## WORK REQUIRED
Using the listing below, select the lines with the word "bulles" and copy them.

[[ RECORDS FOR THE EXERCISE open ]]

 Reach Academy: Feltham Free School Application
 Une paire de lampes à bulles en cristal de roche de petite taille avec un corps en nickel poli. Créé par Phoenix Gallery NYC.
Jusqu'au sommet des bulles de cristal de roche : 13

[[ RECORDS FOR THE EXERCISE closed ]]
[[ RECORDS FOR THE EXERCISE open ]]

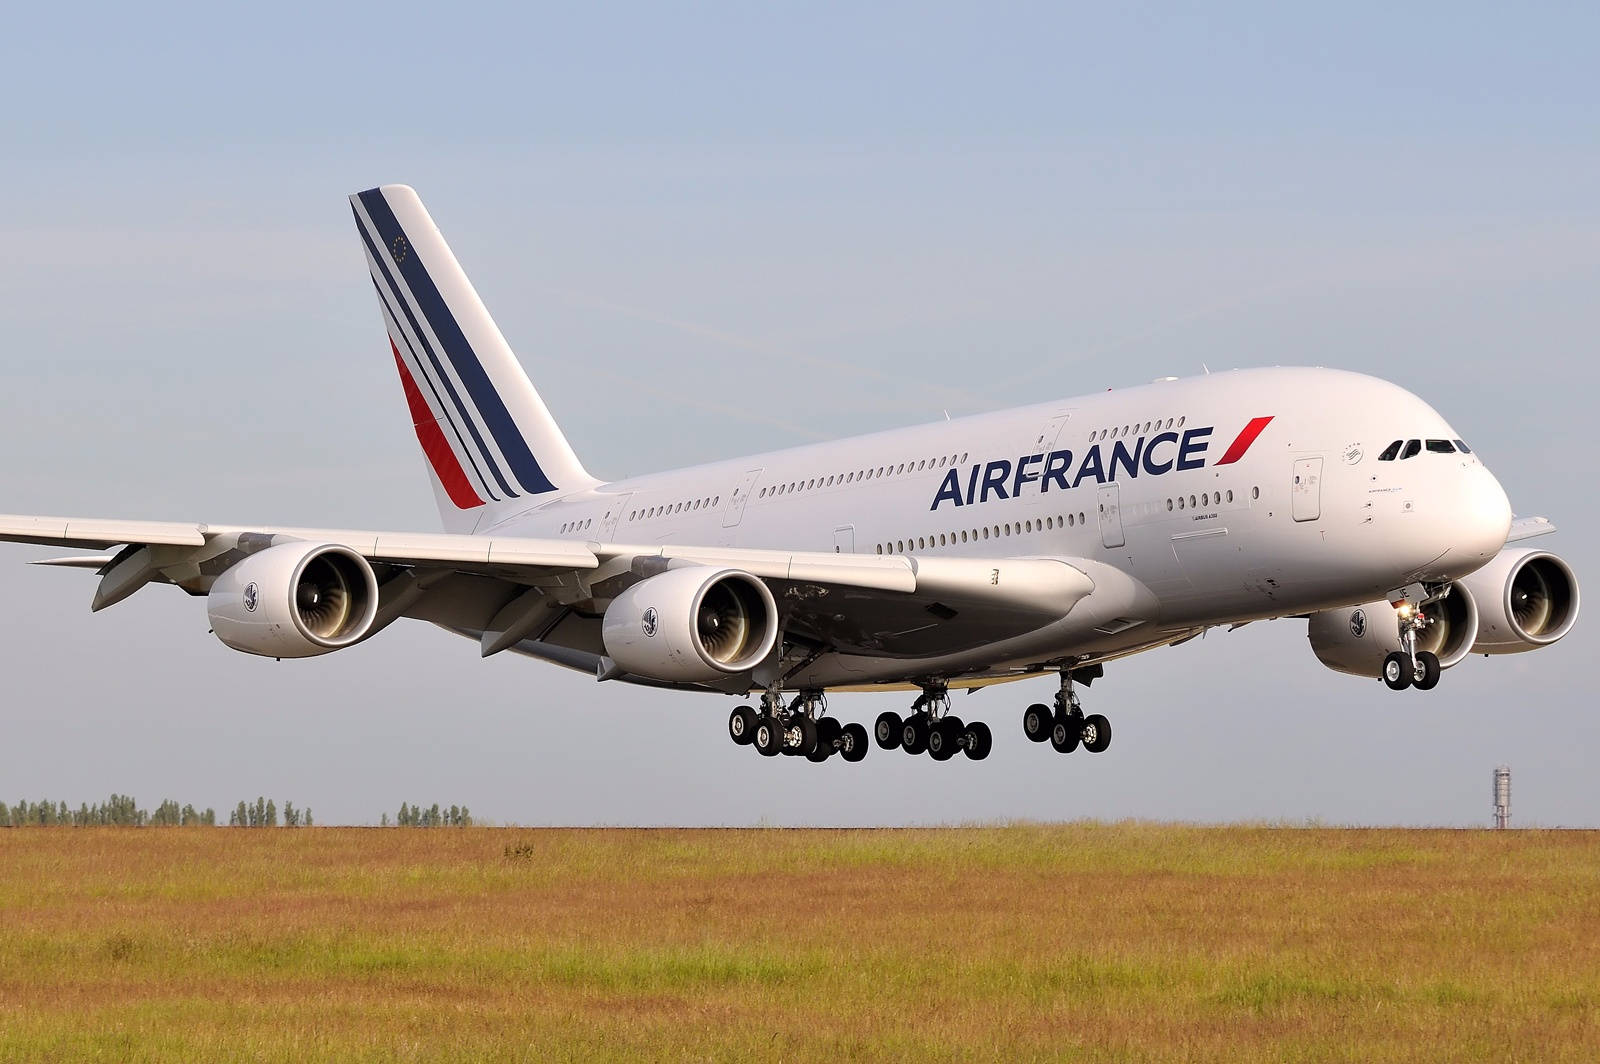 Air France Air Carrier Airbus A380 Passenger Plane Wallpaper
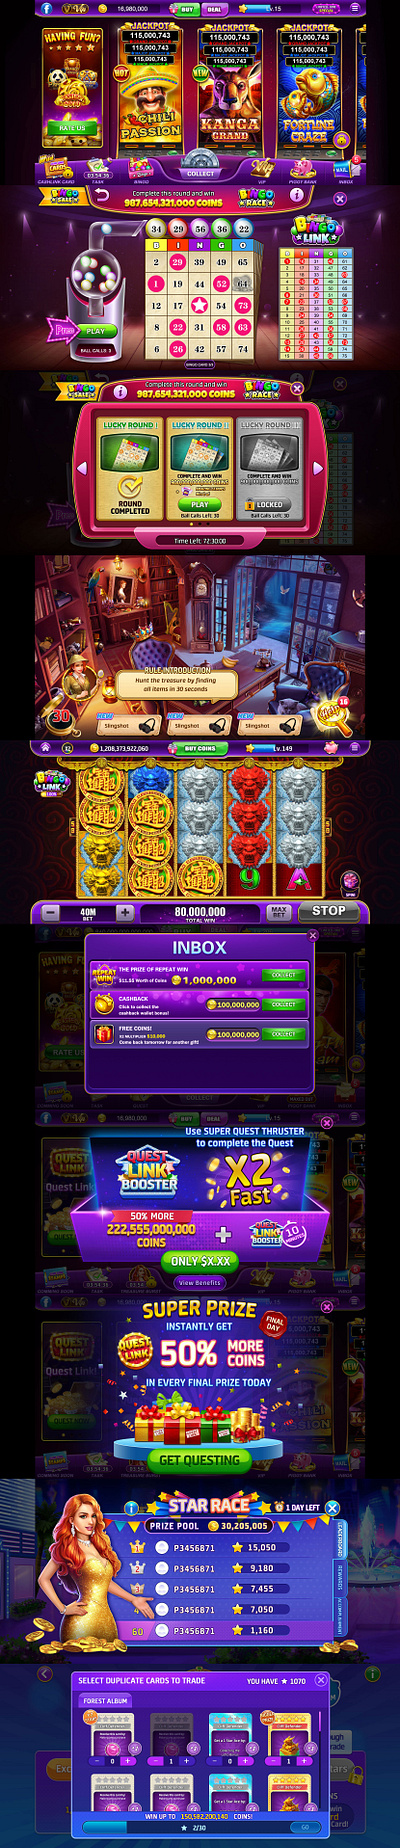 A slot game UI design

[[ RECORDS FOR THE EXERCISE closed ]]

## EXERCISE ANSWER
 Une paire de lampes à bulles en cristal de roche de petite taille avec un corps en nickel poli. Créé par Phoenix Gallery NYC.
Jusqu'au sommet des bulles de cristal de roche : 13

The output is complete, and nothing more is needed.